== Records supplied

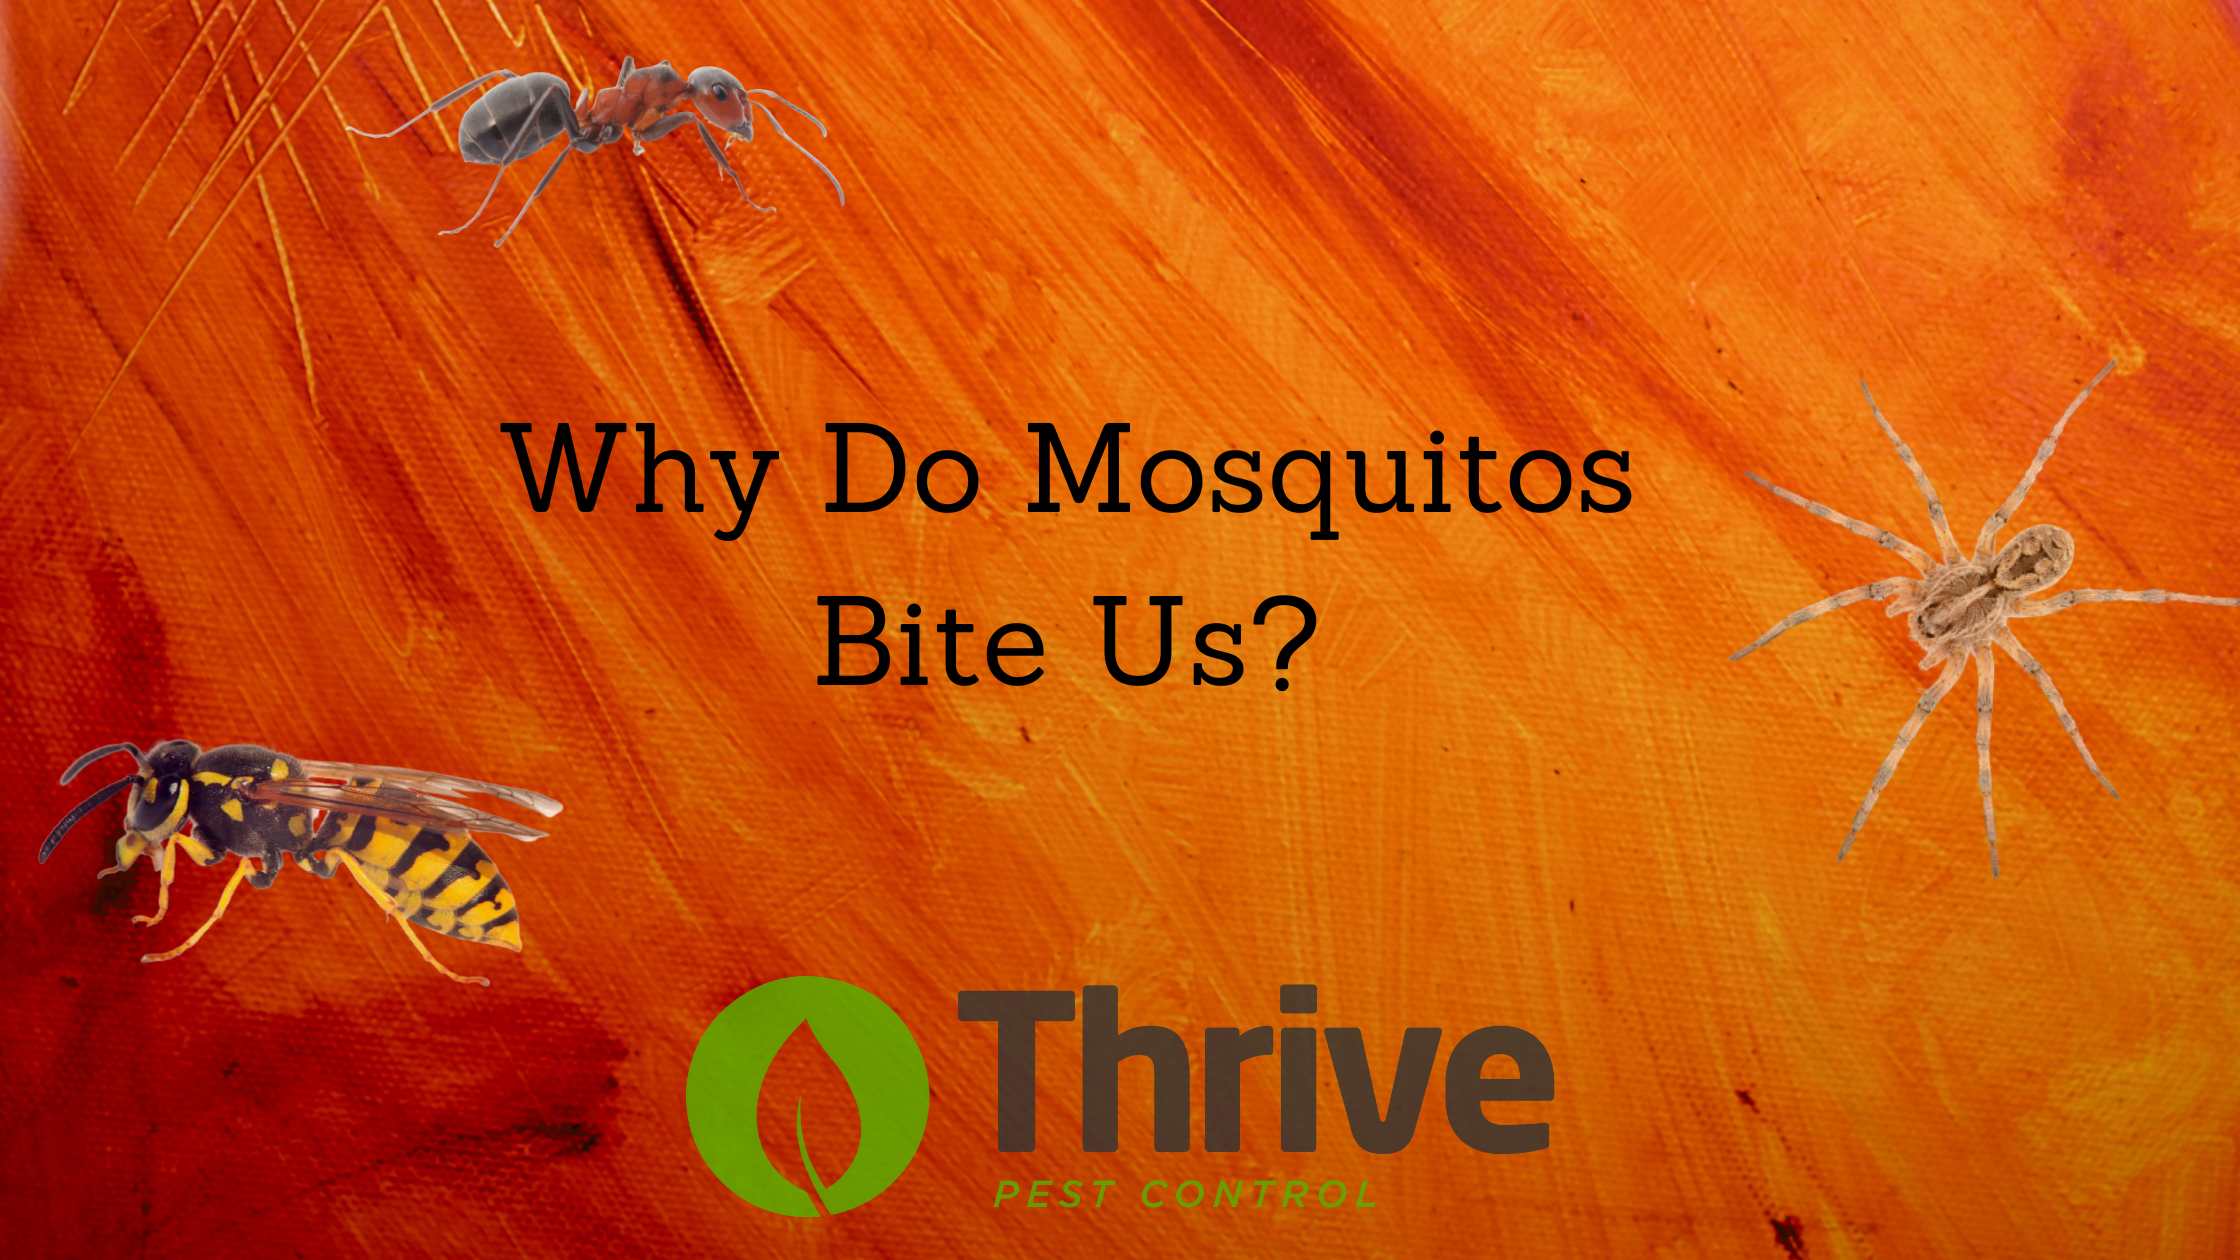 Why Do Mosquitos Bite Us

====
== Records supplied

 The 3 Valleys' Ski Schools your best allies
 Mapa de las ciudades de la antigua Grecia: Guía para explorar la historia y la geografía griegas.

====

Give back, unchanged, the run of lines in the listing above that begins at the line containing "The 3 Valleys' Ski Schools your best allies" and ends at the line containing "Mapa de las", both included.

 The 3 Valleys' Ski Schools your best allies
 Mapa de las ciudades de la antigua Grecia: Guía para explorar la historia y la geografía griegas.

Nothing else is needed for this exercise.